# Общий раздел > Чувства > Он и Она >  Как отвязаться от навязчивого мужчины?

## Asteriks

*Девушки, представьте, что Вам приходится изо дня в день сталкиваться с навязчиво-неадекватным вниманием мужчины. В морду дать Вы не можете, слова до человека не доходят, поэтому прыгают отношения из крайности в крайность: то не разговаривают люди, то вроде к дружбе переходят. То ссорятся, то мирятся. При этом совсем поссорится нельзя, так как работают люди вместе и ссора будет в напряг.
Мужчины, а Вы что скажете? Только серьёзно отвечайте, а то знаю я Вас!* :6254524352345:

----------


## брюNETка

*Ну если действительно слова не помогают,то...найти слабое место и "ударить" туда.Жестоко,но должно подействовать.
Изменить-то его всё равно уже не получится.*

----------


## Serj_2k

... или выбрать другое слабое место и поцеловать туда .... - тож вариант ))

----------


## Asteriks

Смеётесь? А если вам с ним сталкиваться каждый день по работе?

----------


## Serj_2k

читали уже ...

загадай ему какое нить задание, заранее невыполнимое. и, если типа справицца, то тогда пообещай показать ему какое нить интимное место - пусть стараецца ....

----------


## брюNETка

> Смеётесь? А если вам с ним сталкиваться каждый день по работе?
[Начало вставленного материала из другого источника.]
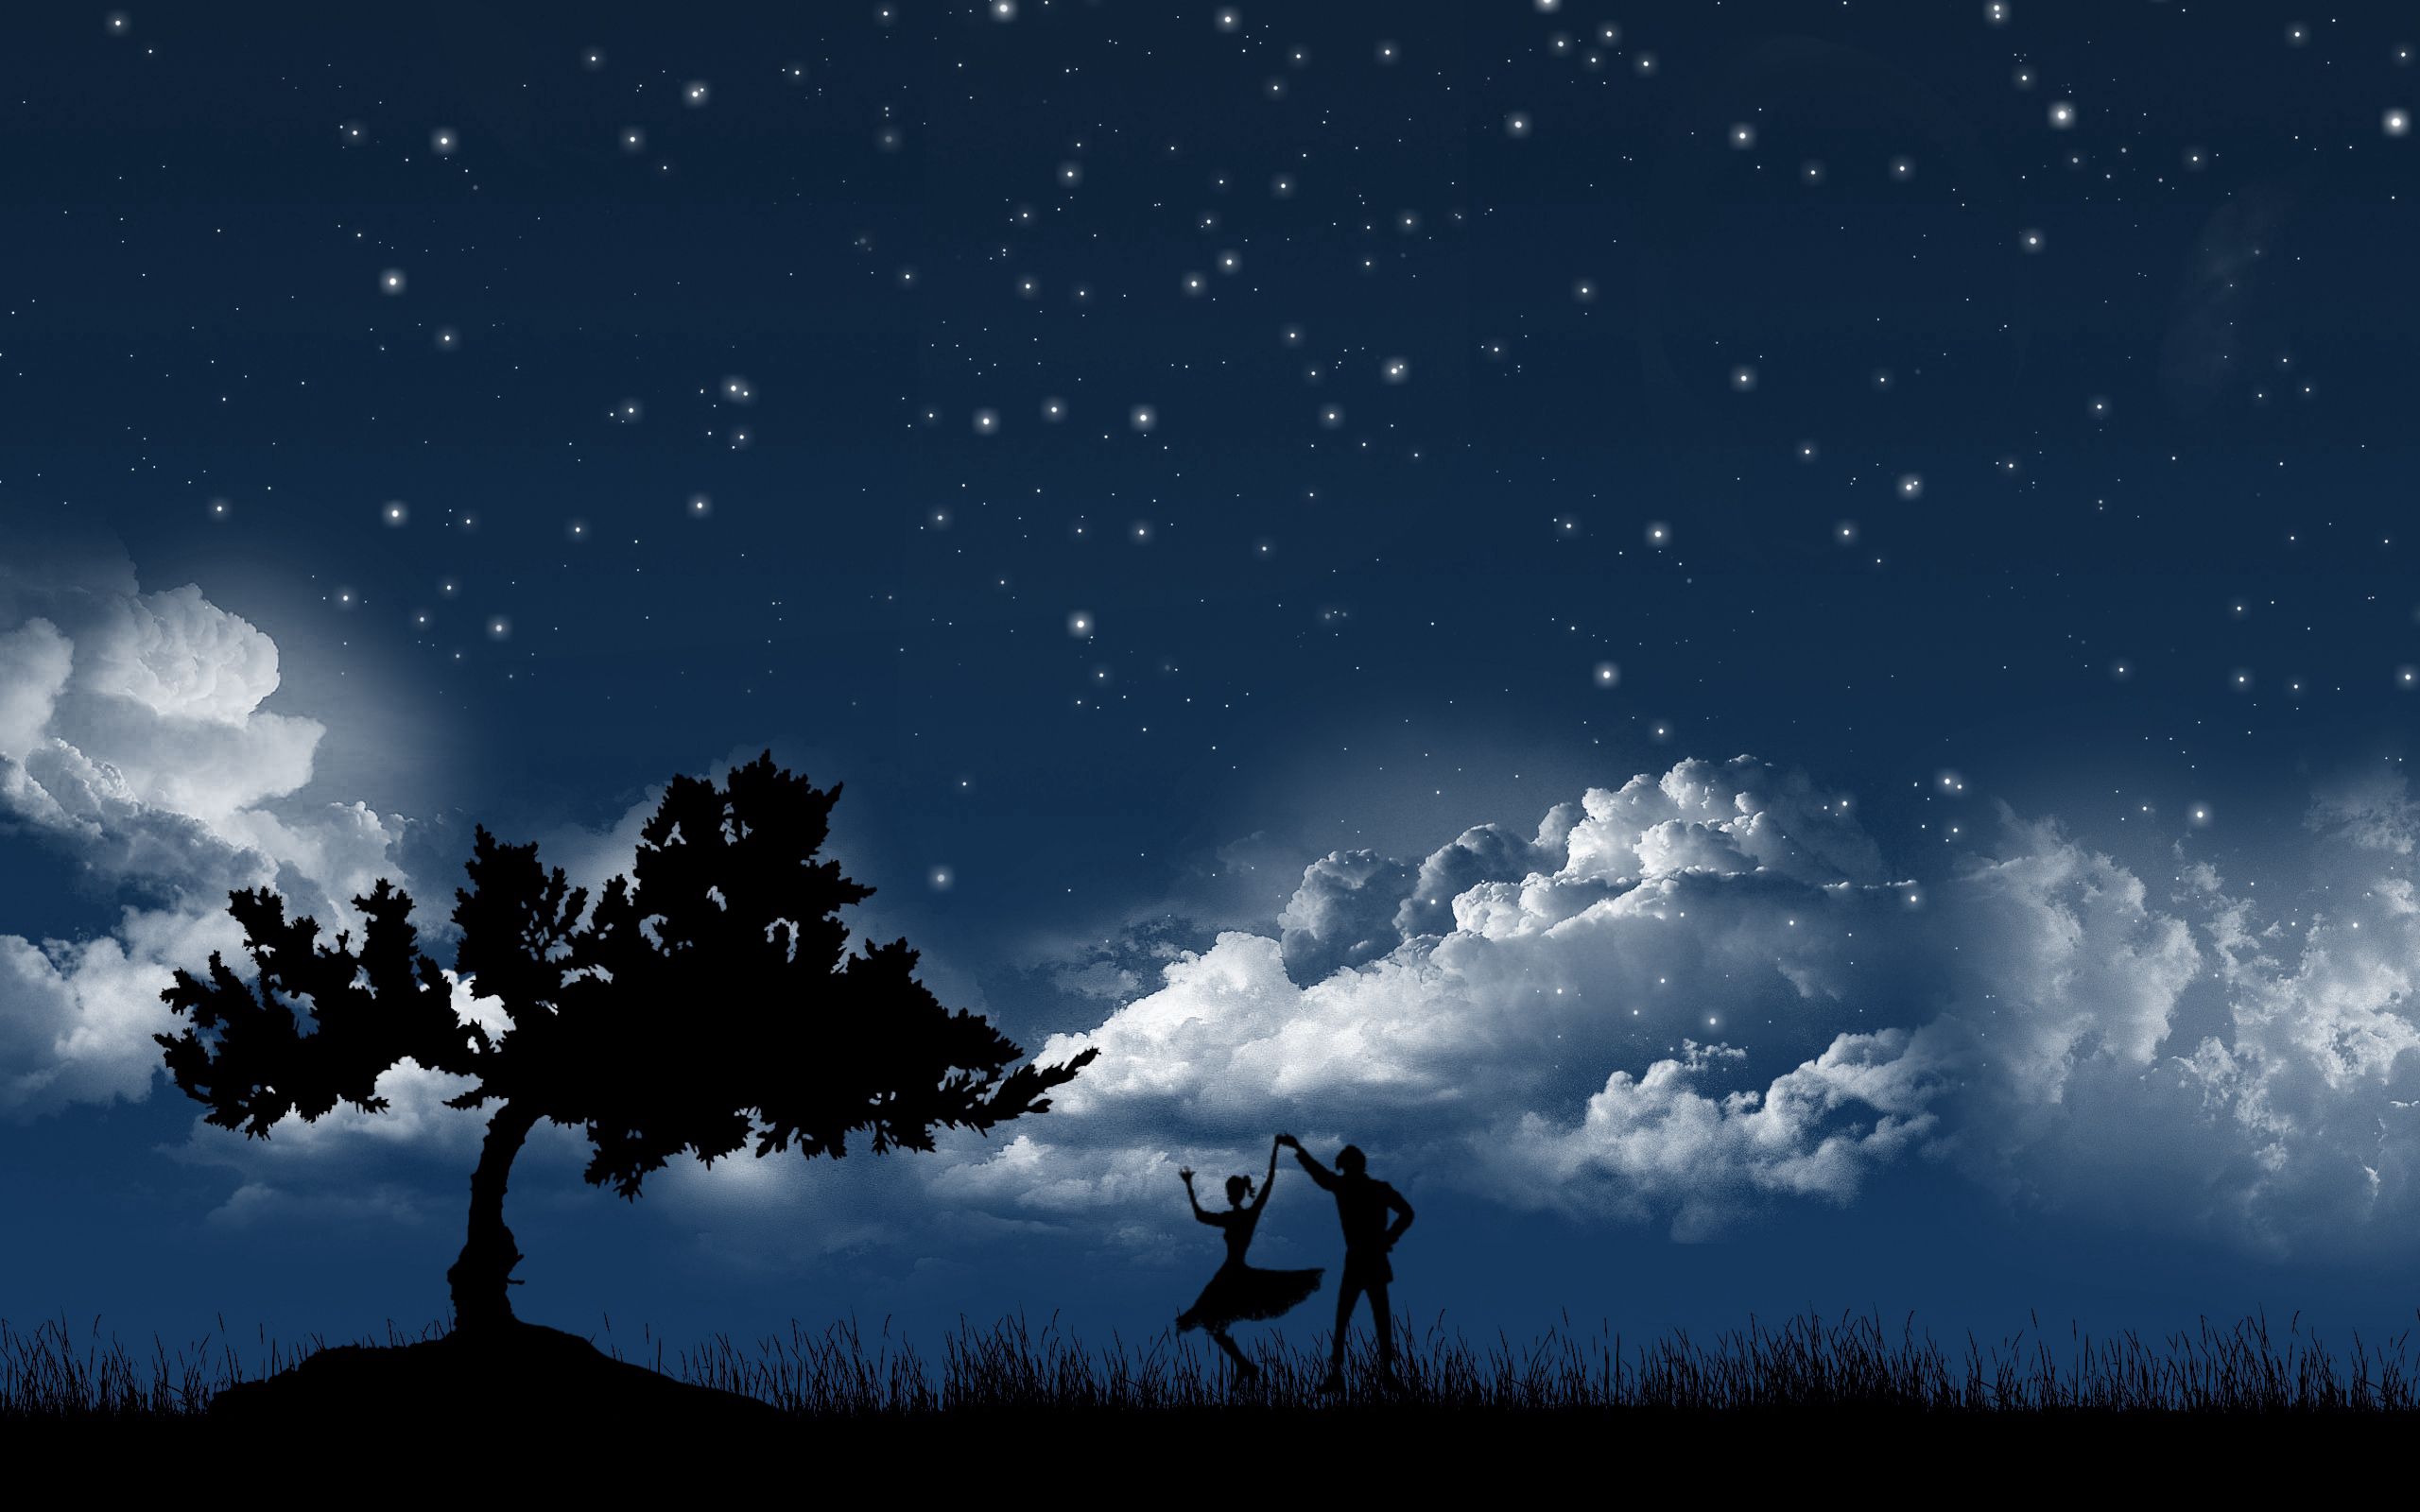 113529 download wallpaper sky, stars, night, clouds, dance, vector, wood, couple, pair, tree, silhouettes screensavers and pictures for free

*Тогда не вижу другого способа,кроме как убить)))
Ну если разворы не помогают,действия тоже,что тут можно сказать.Раз не хочется его обижать(по работе ж сталкиваемся :246534,то придется терпеть.Из двух зол выбирают меньшее.
Или ты его обидешь или он тебя доканает.*

----------


## HARON

> поэтому прыгают отношения из крайности в крайность: то не разговаривают люди, то вроде к дружбе переходят.
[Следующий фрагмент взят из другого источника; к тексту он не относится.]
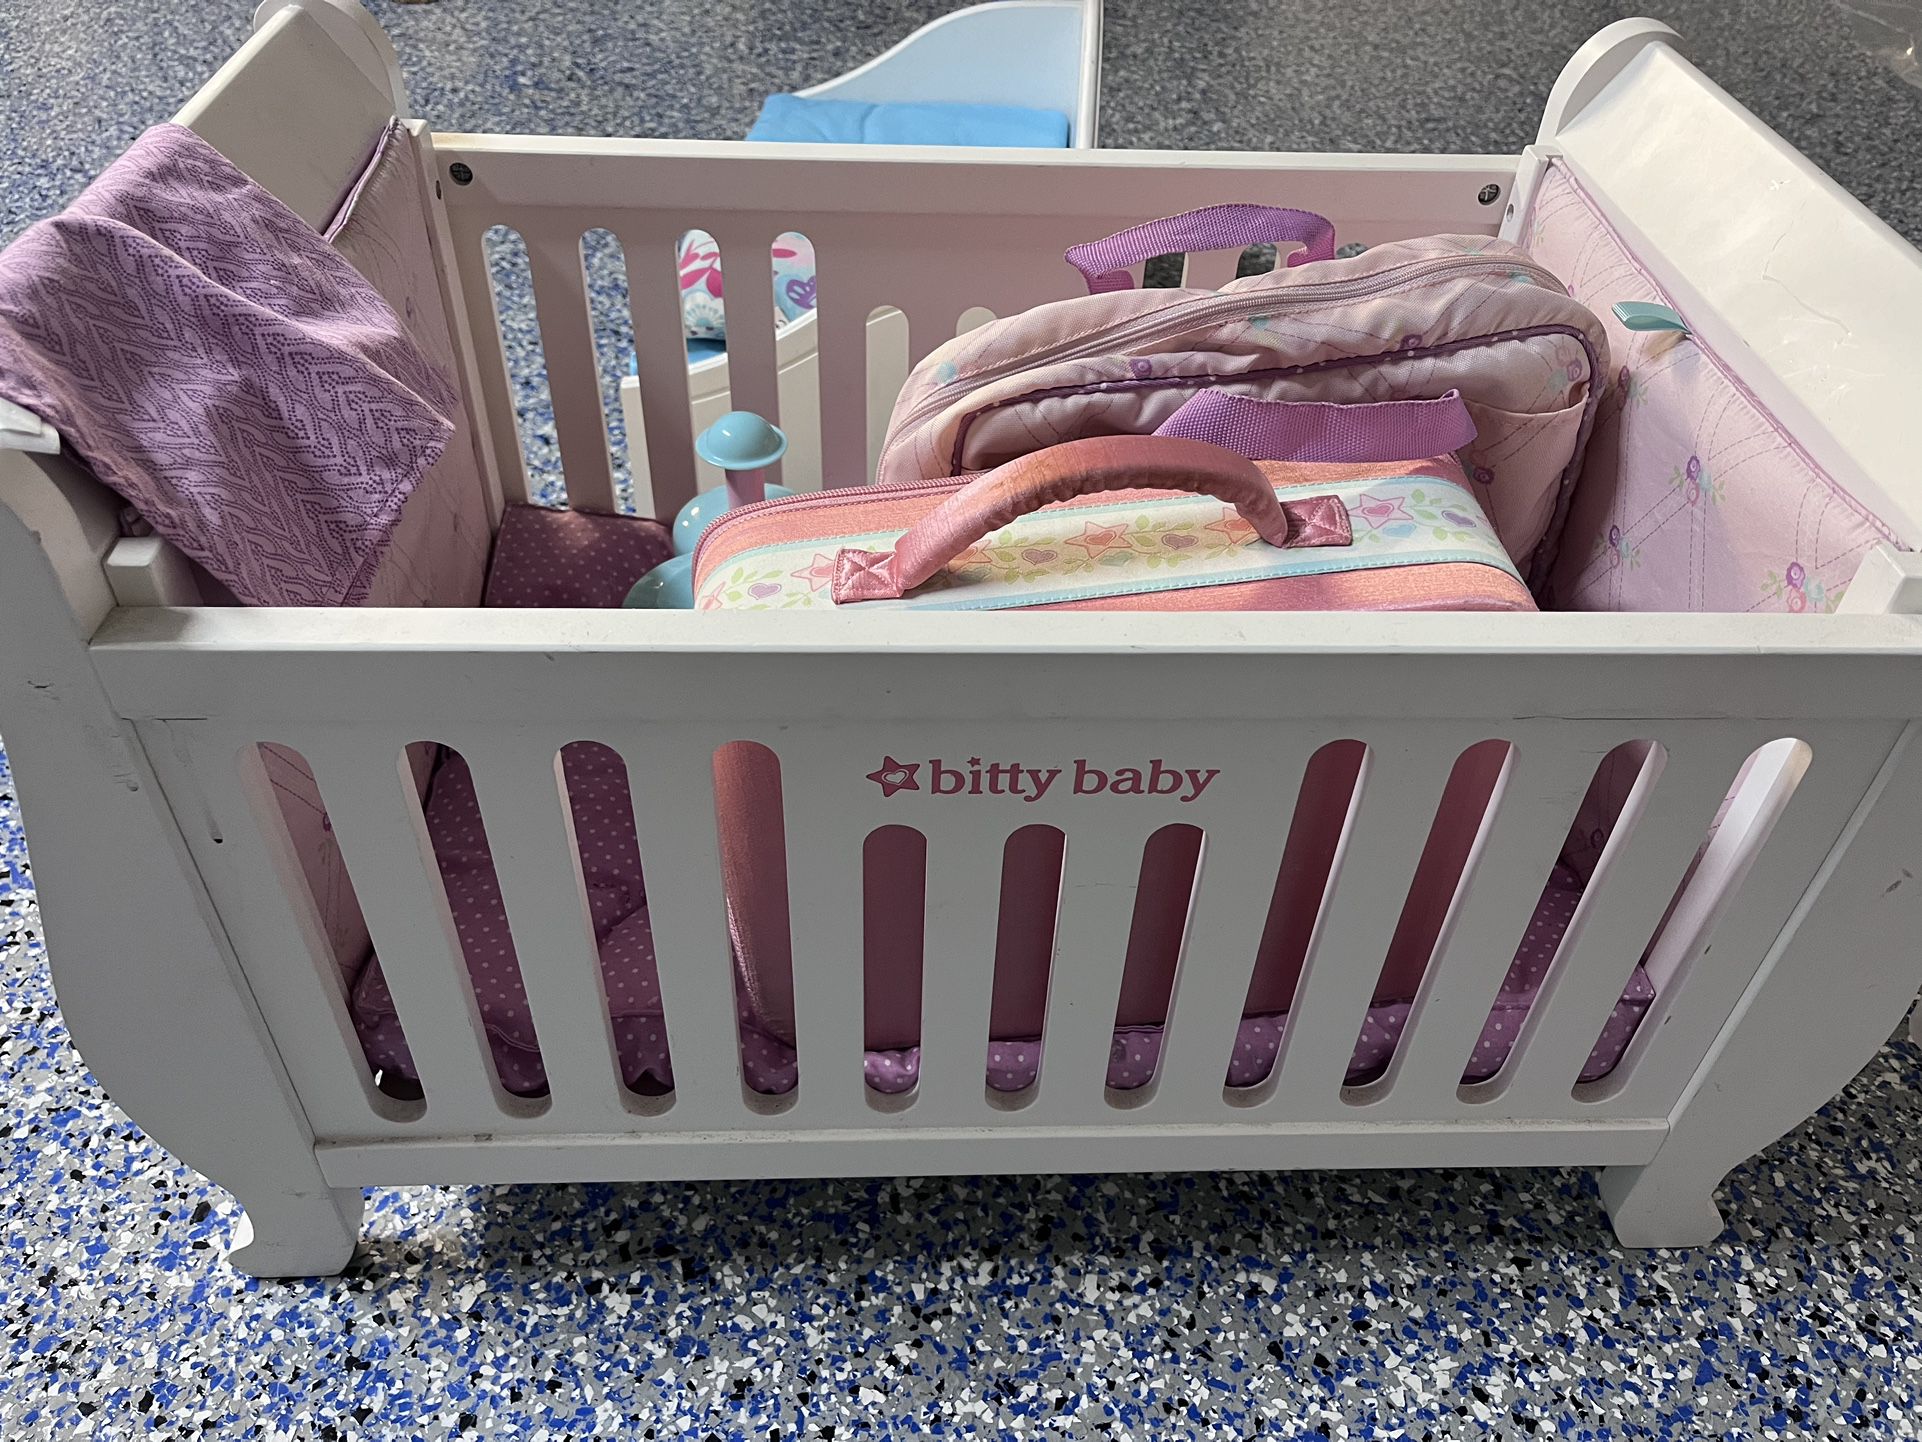 American Girl Bitty Baby Bed And Accessories

Это как? Что-то я не понимаю таких отношений.Значит и у автора неадекватное поведение.Значит начинать надо со всоего отношения к данной проблемме!

----------


## Asteriks

Сам ты Харон неадекватный! Есть такие товарищи, вот вроде тебя, которым хоть в голову стреляй - им всё равно не доходит. По моему, умному человеку достаточно прямо сказать о твоём к нему отношению и он поймёт. Ан нет, надеется на что-то. Вроде не знаете, товарищи, моего резкого характера? Я ведь и послать могу далеко, но НЕЛЬЗЯ! Себе дороже не разговаривать, находясь в одном кабинете.
Вот, ситуация. Мне нужна машина, а муж занят, машины своей нет. Товарищ предлагает свою помощь. Я отказываюсь. Вопрос: "Почему?". "Потому что не хочу, чтобы ты воспринял это как повод." "Не восприму, я по дружески помочь хочу."
Что делать? А ехать своим ходом - опасно для здоровья. Ну что? Советуйте уже.

----------


## HARON

Неее...неадекватная ты троху,Астер, создаётся впечатление.что тебе лет этак 15-17))
Ну поедь и один на один скажи ему всё что думаешь! поговорите так сказать--по душам! "Полных дураков" ведь не бывает!
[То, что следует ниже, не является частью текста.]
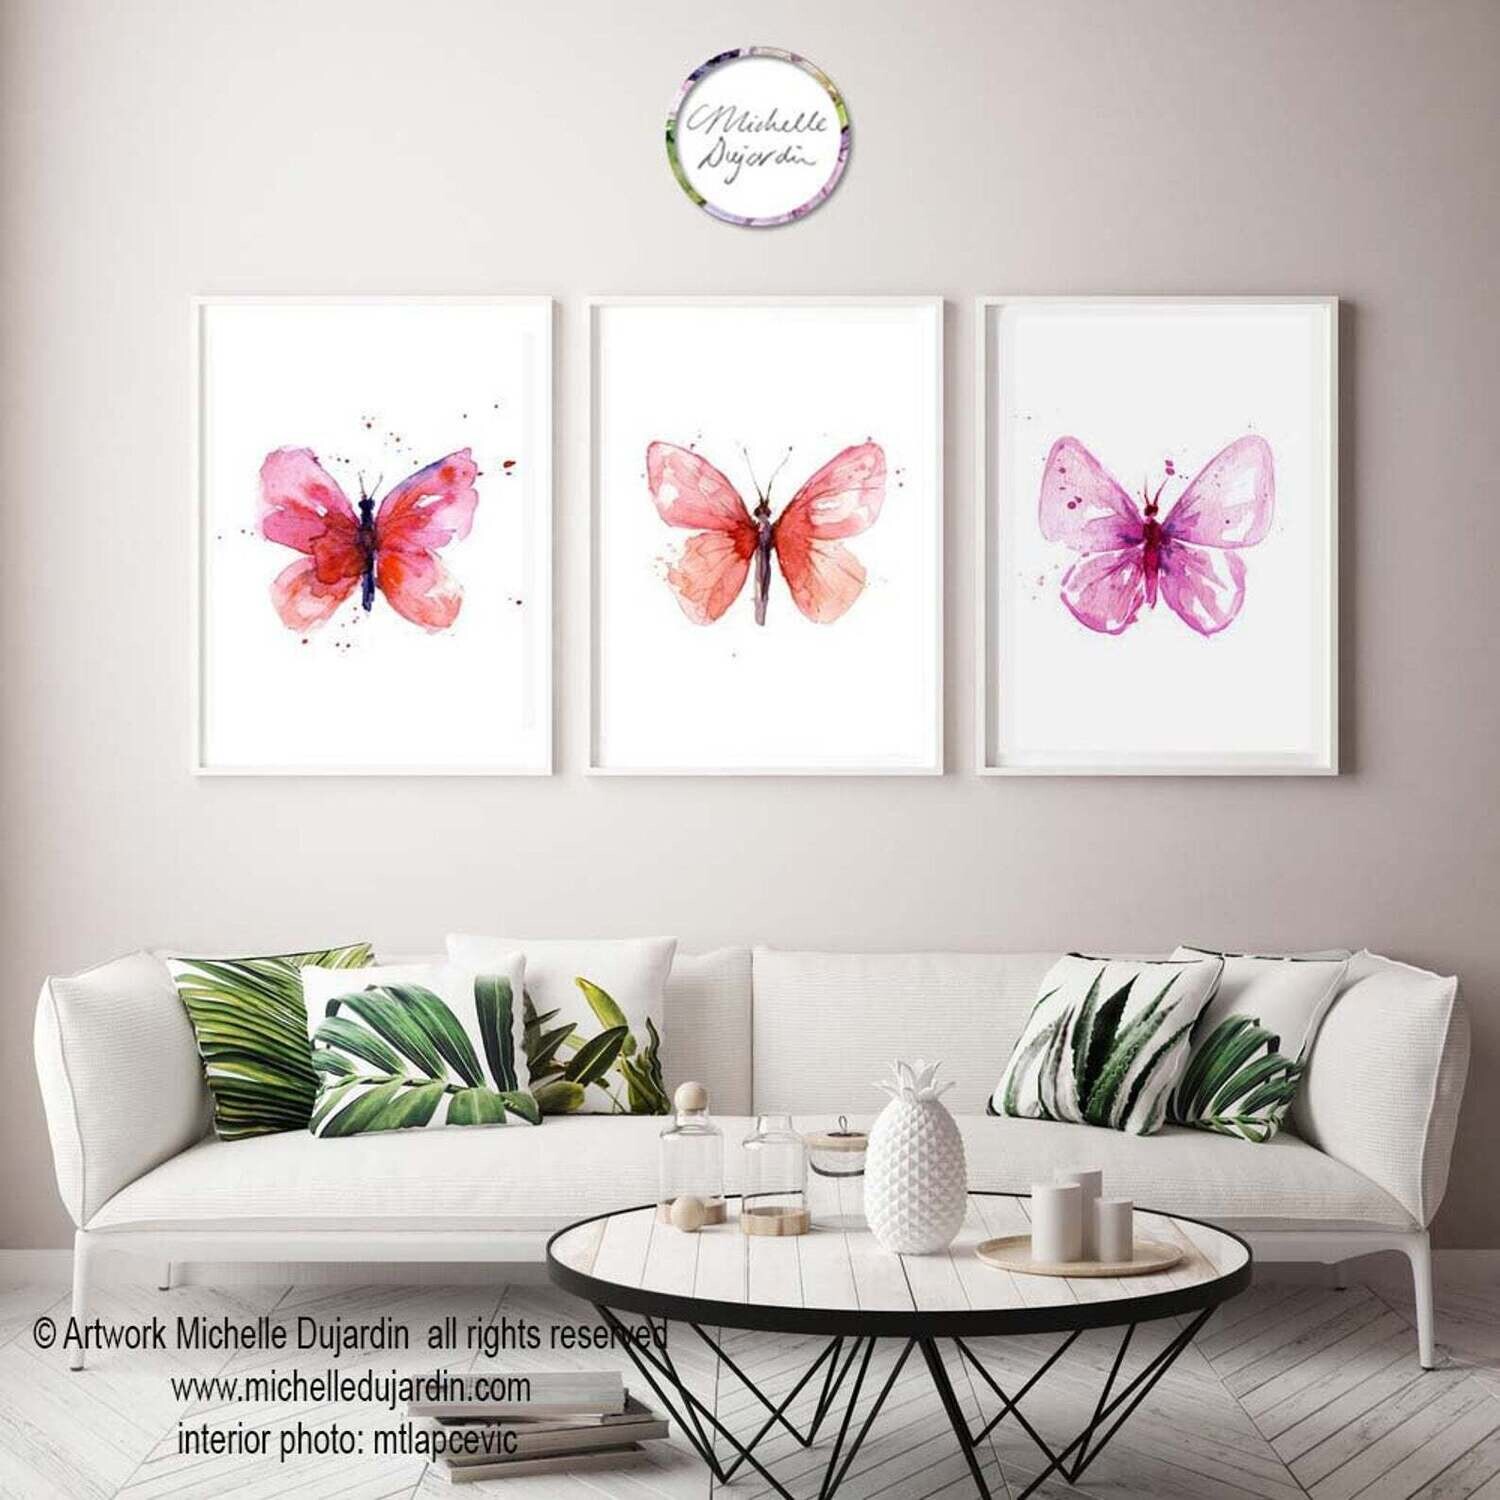 Set of 3 pink butterfly art prints of watercolor paintings

Ну,а если полный дурак--так и поступай с ним как с "полным дураком"!

----------


## Asteriks

Хех)) Поговорила и съездила. Ох, не доверяешь ты мне, Харон!
Стоп! А ситуация разве касается одной Астерикс? А других не касается?

----------


## HARON

Я бы и другим то же самое посоветовал!)))

----------


## fIzdrin

> Хех)) Поговорила и съездила. Ох, не доверяешь ты мне, Харон!
> Стоп! А ситуация разве касается одной Астерикс? А других не касается?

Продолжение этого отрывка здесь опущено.